Stopp: Ich weiß, dass es bei deiner Trauer nicht um mich geht. Es geht nicht darum, dass ich zu wenig bin oder zu wenig für dich da bin. Es geht um dich, um deine Trauer, deinen Moment. Es gab sicher etwas, das dich getriggert hat. Etwas, das dich deinen Vater sehr vermissen lässt. Das dich die Einsamkeit fühlen lässt. Ich kenne das Gefühl ja selbst. Und trotzdem fällt es mir jetzt gerade schwer, deine Trauer auszuhalten…

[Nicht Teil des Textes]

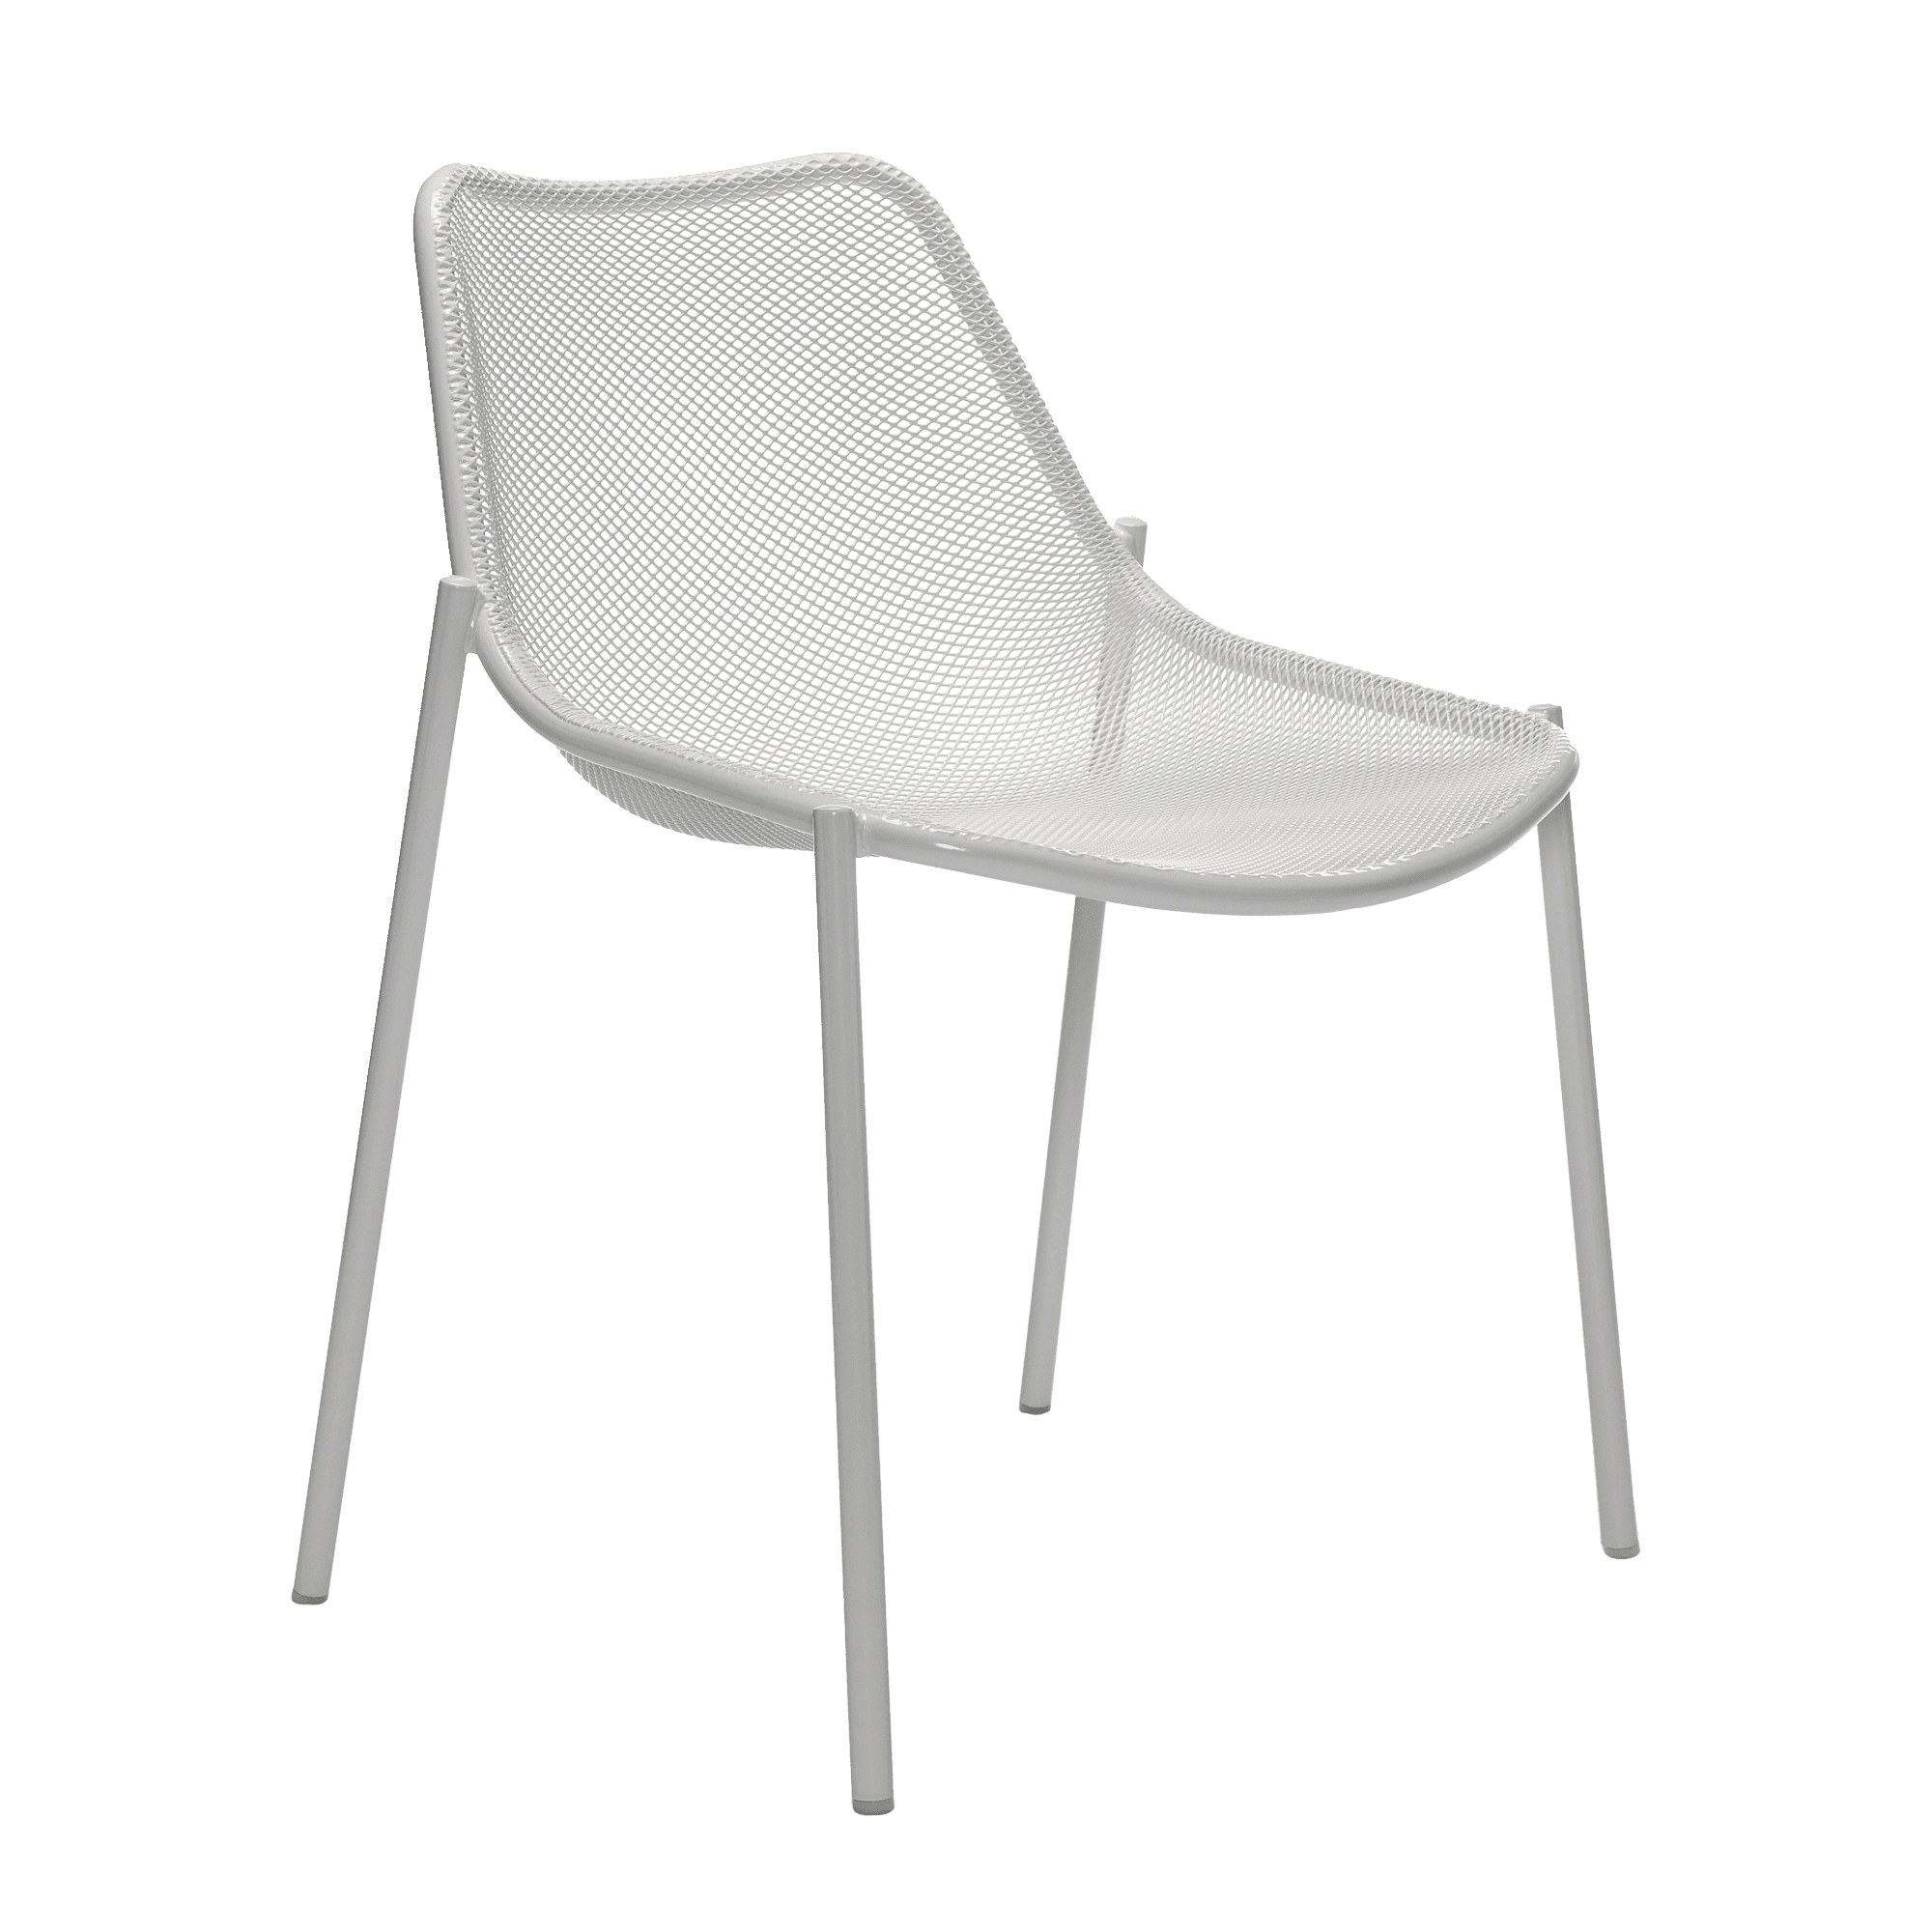 Openlijk ongeduldig zuurgraad EMU Round Outdoor Chair 4-Pack | Steelcase Store

Wir trauern alle, sind aber nicht immer zurselben Zeit traurig
Manchmal kommen wir an unsere Grenzen. Immer dann, wenn wir zu unterschiedlichen Zeiten trauern. Dann ist die große Herausforderung, uns gegenseitig in unserer Trauer zu belassen, uns gegenseitig zu nehmen, wie wir gerade sind - und zwar, ohne alles auf uns selbst zu beziehen. Das ist sehr schwer. Komischerweise. Denn eigentlich kennen wir ja selbst all die vielen Momente, in denen es uns schlecht geht. Wenn wir ganz bei uns sind, in unserer Traurigkeit, in Gedanken versunken. In den meisten Fällen hat das nichts mit unserem Umfeld zu tun. Wir sind einfach nur traurig, weil wir unseren lieben Menschen vermissen. Unsere Familie versteht uns dann noch am ehesten, denn sie selbst trauern ja auch. Doch auch hier stelle ich fest: Trauer ist zutiefst individuell - und der Zeitpunkt, an dem wir alle gleichzeitig getrauert haben, war mit den ersten Tagen oder Wochen nach dem Tod verstrichen. Seitdem sind wir entweder in Trauer, oder wir fühlen uns wie “die anderen”.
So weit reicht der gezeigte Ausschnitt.